PROBLEM DESCRIPTION =>
Take the lines from the one containing "Il jet da combattimento" through the end of the material and write them out exactly, omitting pictures.

SUPPLIED INFORMATION =>
*** Block opens ***

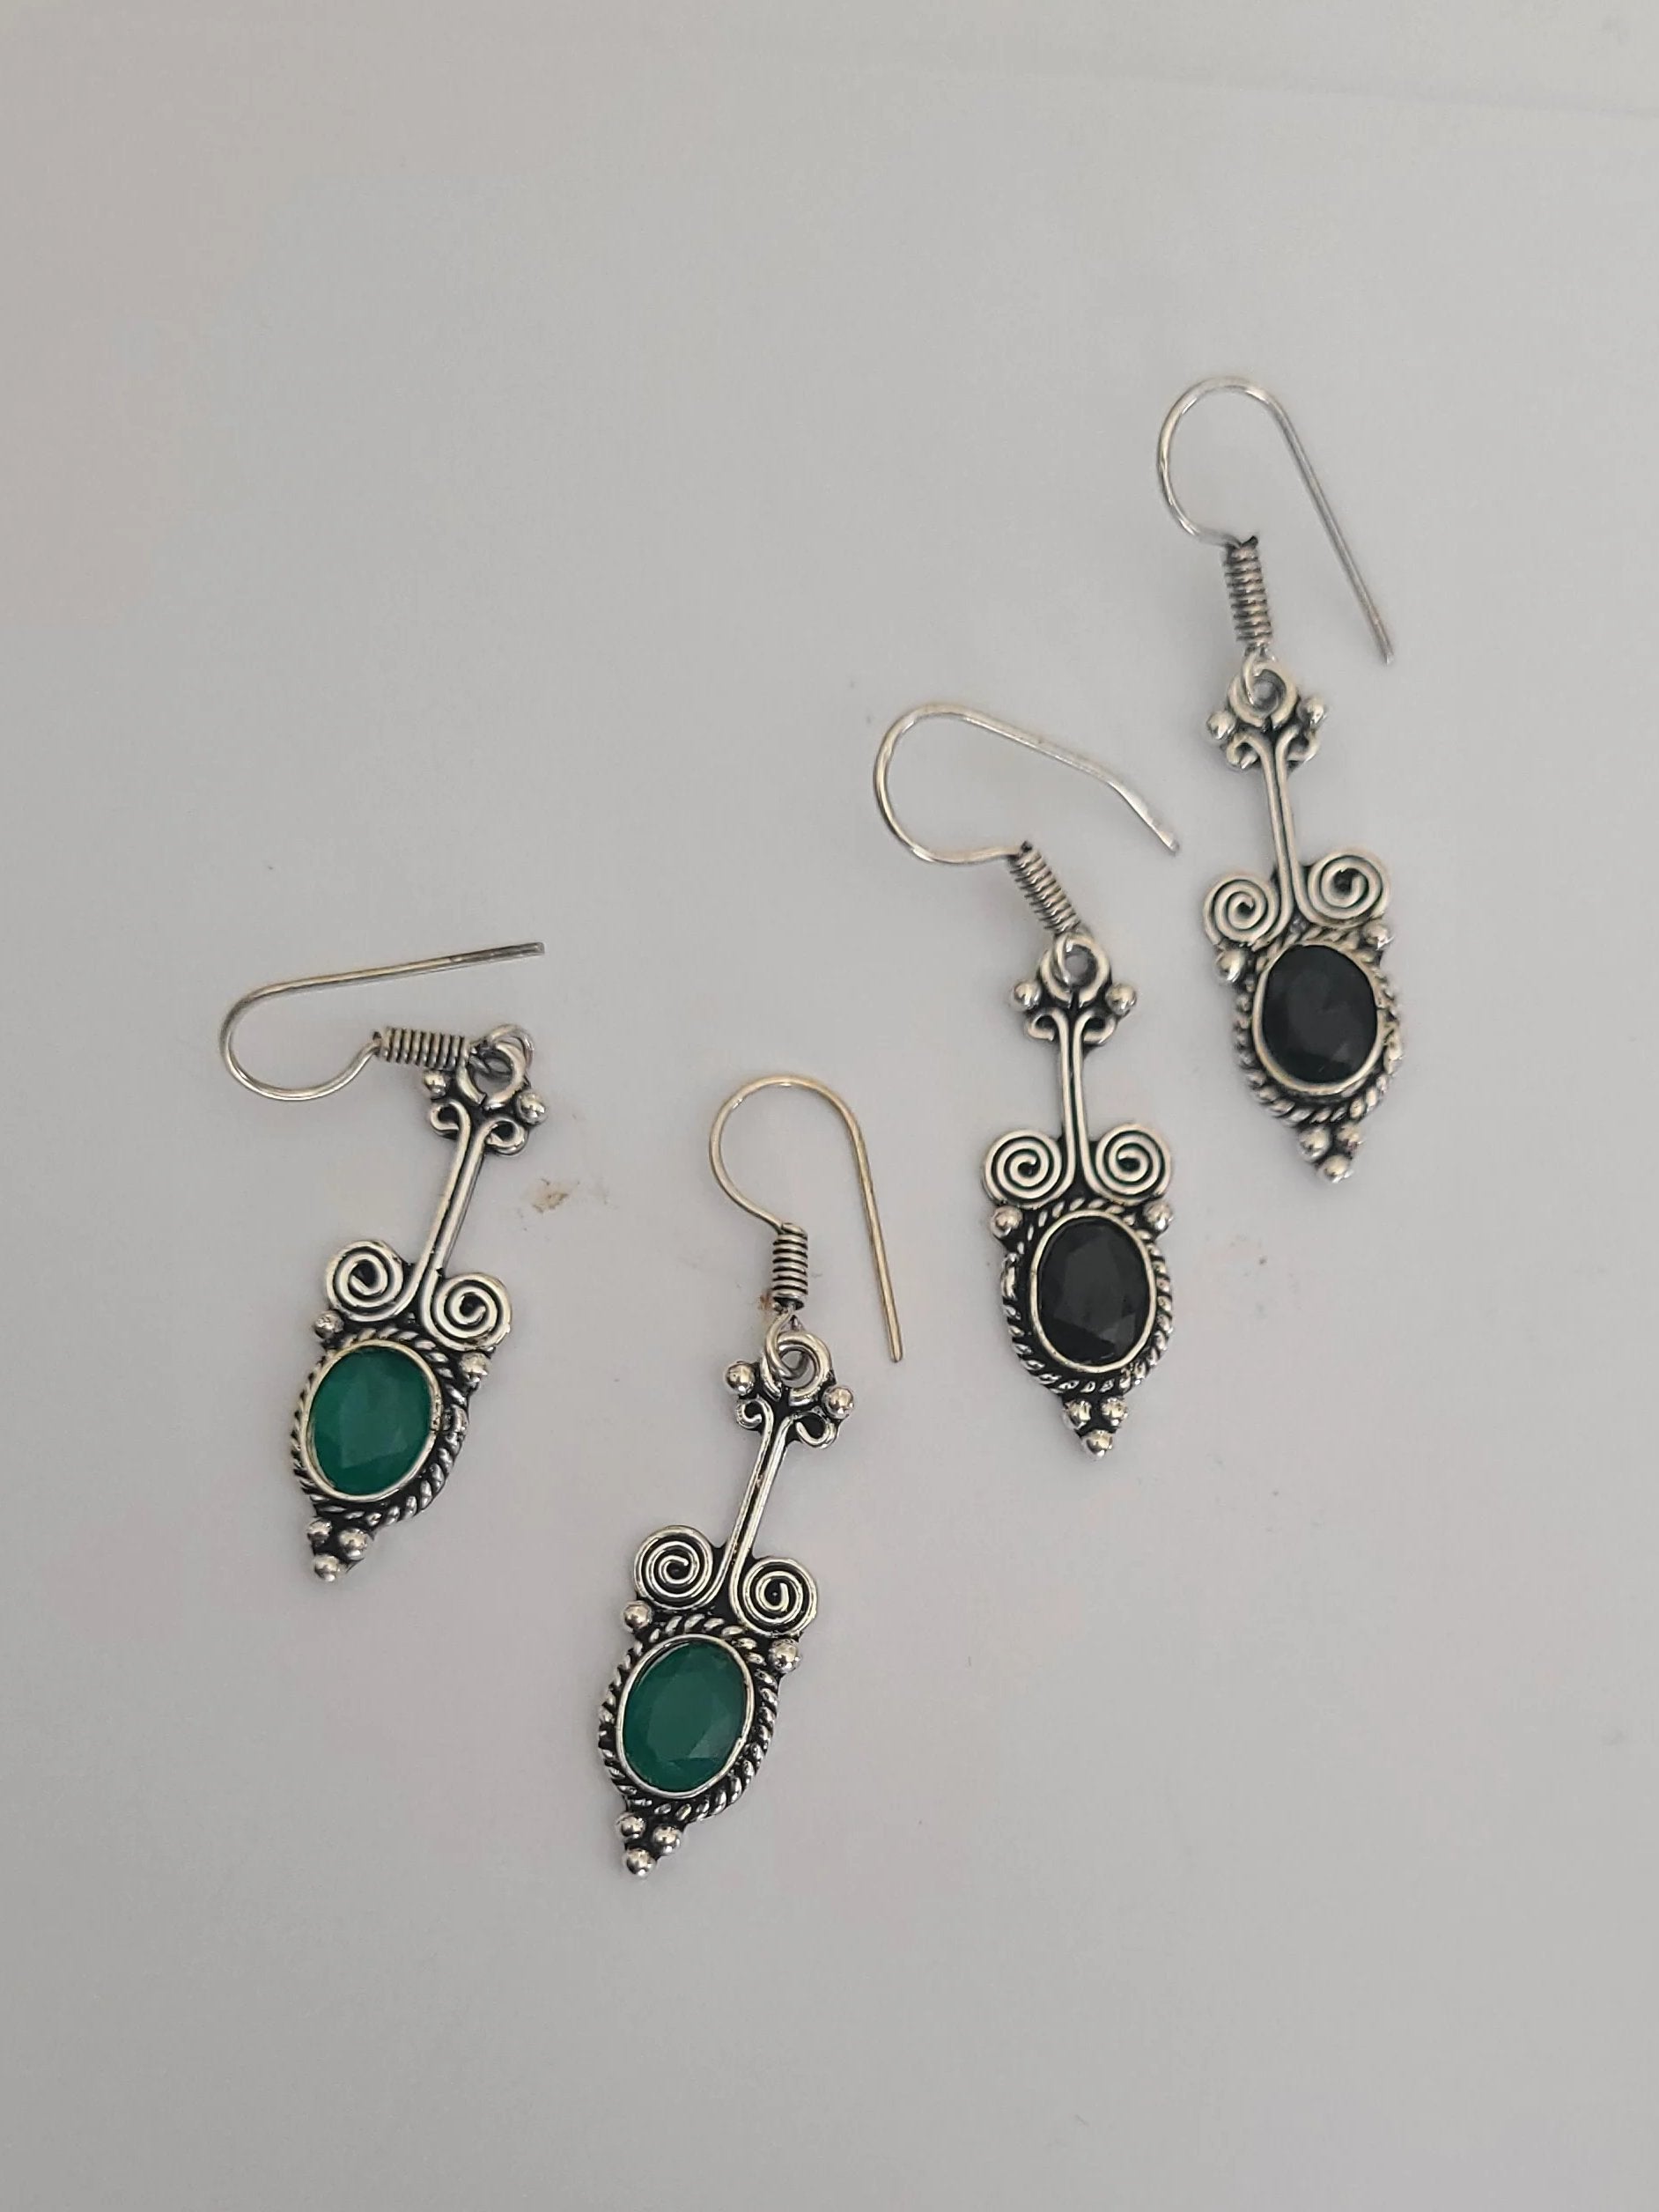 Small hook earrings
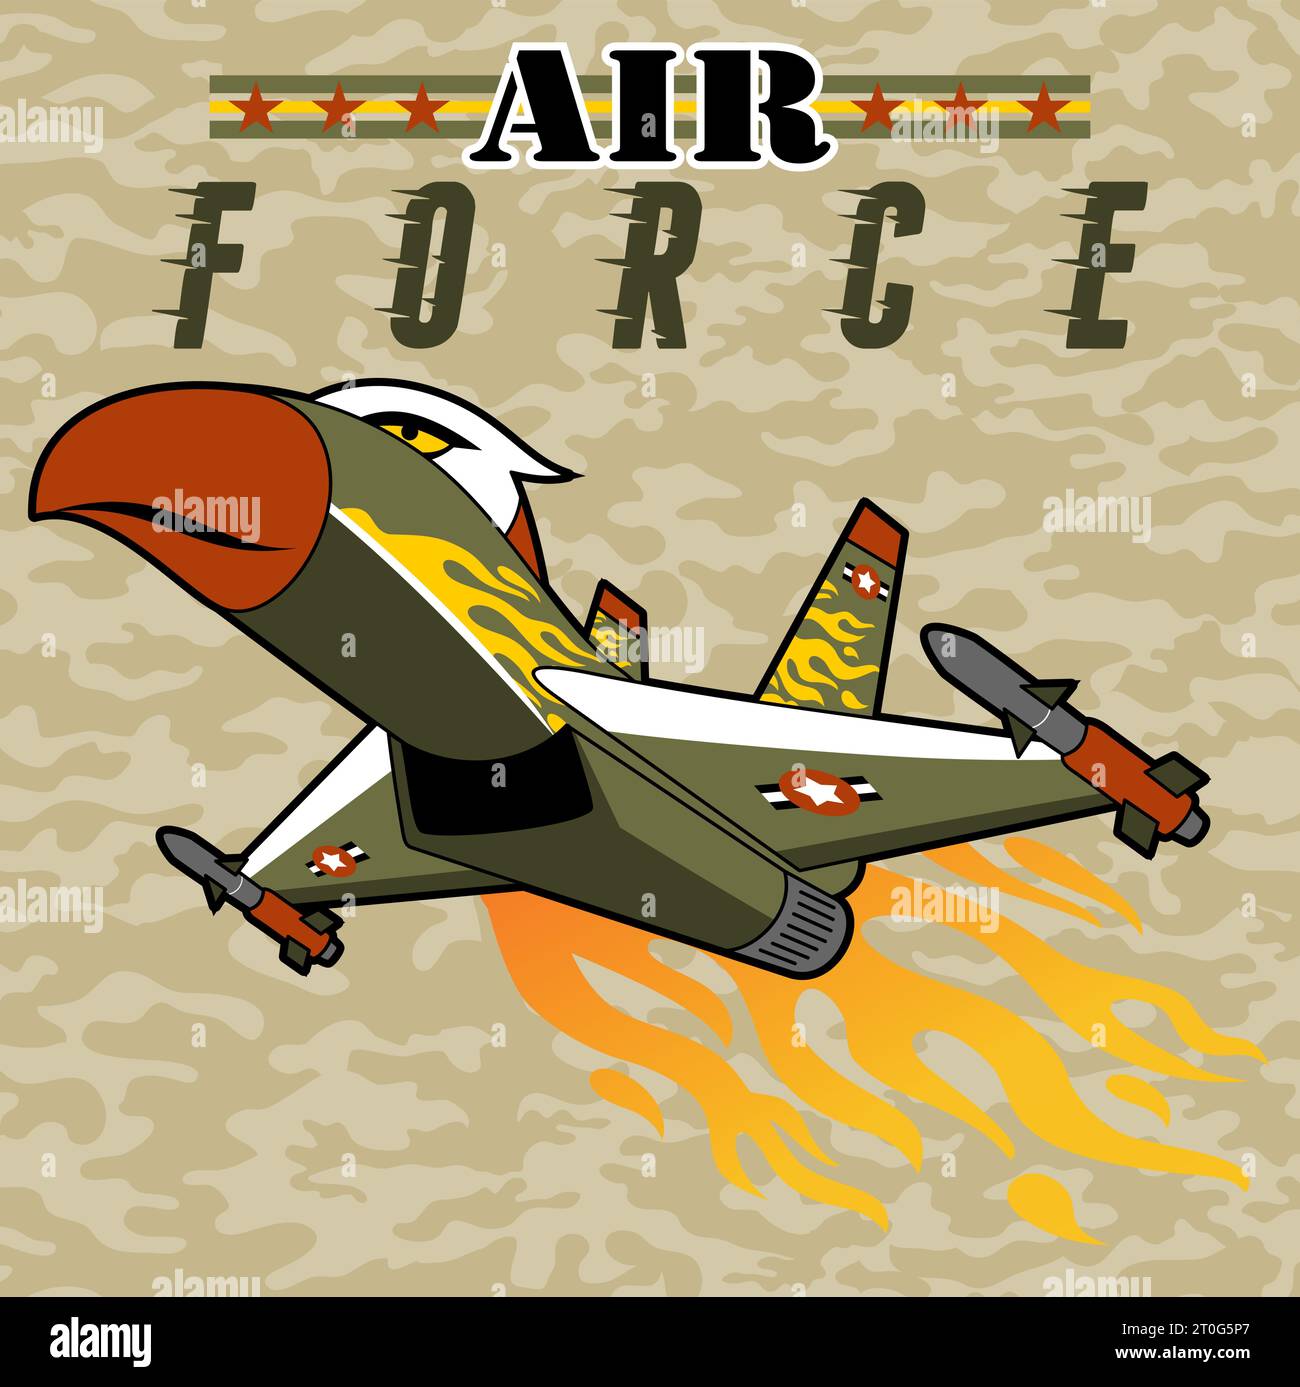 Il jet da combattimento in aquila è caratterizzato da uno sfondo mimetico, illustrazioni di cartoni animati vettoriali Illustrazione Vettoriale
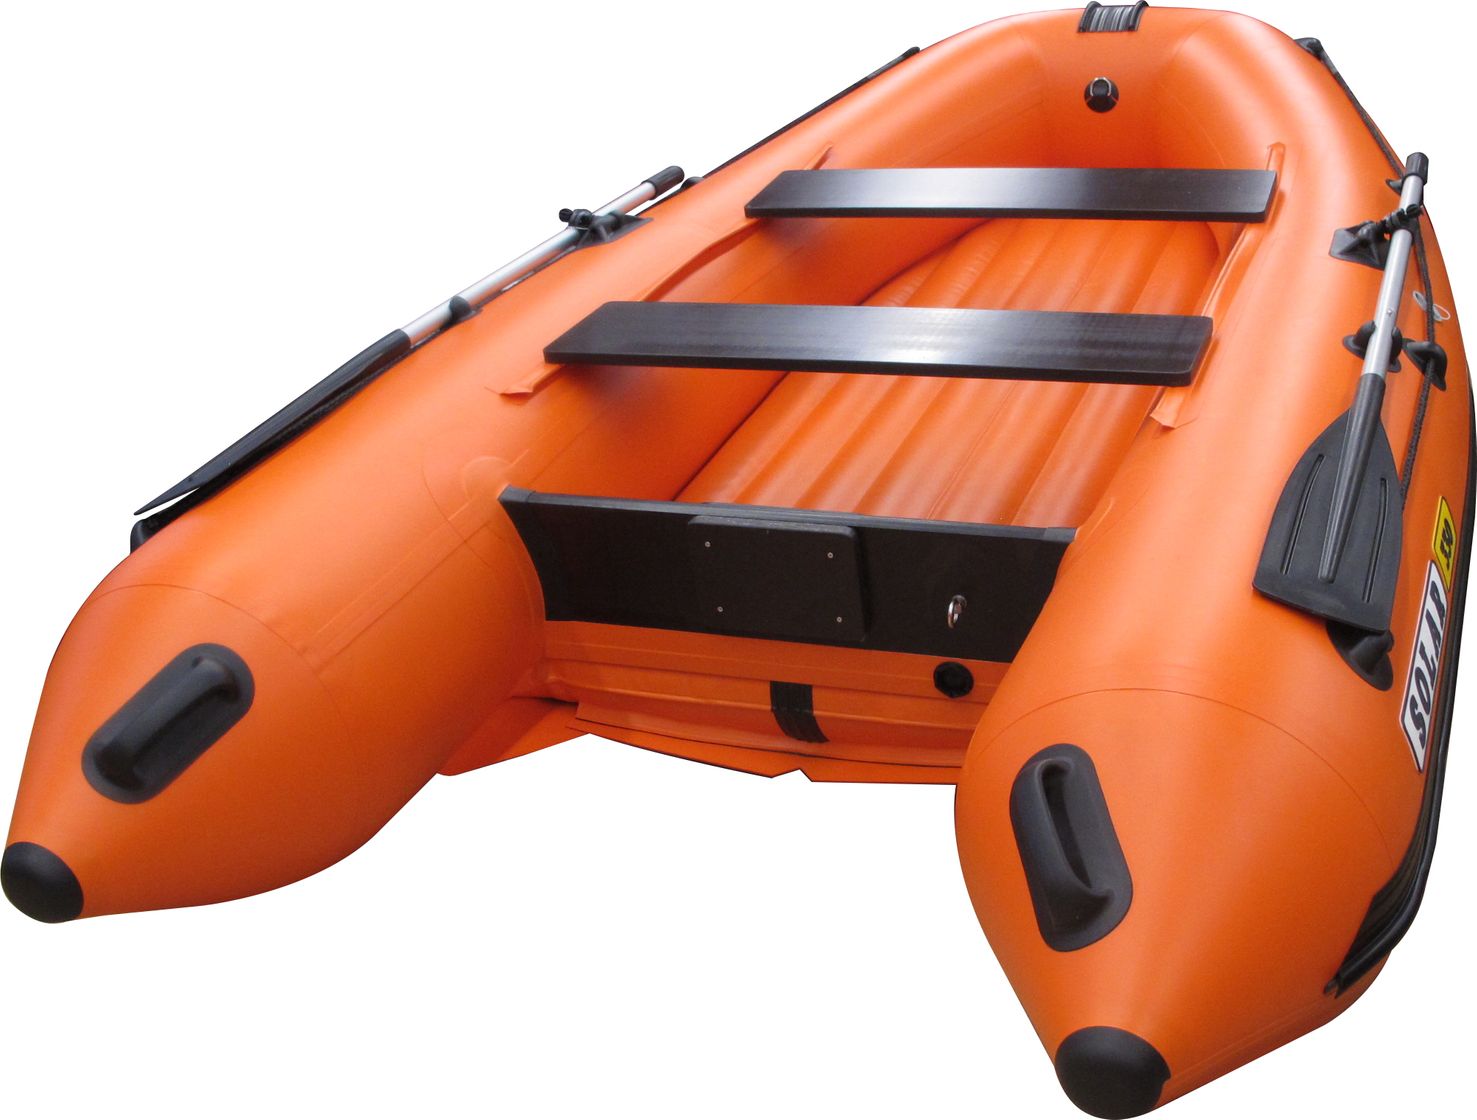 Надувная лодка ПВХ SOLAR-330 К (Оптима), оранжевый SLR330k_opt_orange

*** Block closes ***

EXERCISE OUTPUT =>
 Il jet da combattimento in aquila è caratterizzato da uno sfondo mimetico, illustrazioni di cartoni animati vettoriali Illustrazione Vettoriale
 Надувная лодка ПВХ SOLAR-330 К (Оптима), оранжевый SLR330k_opt_orange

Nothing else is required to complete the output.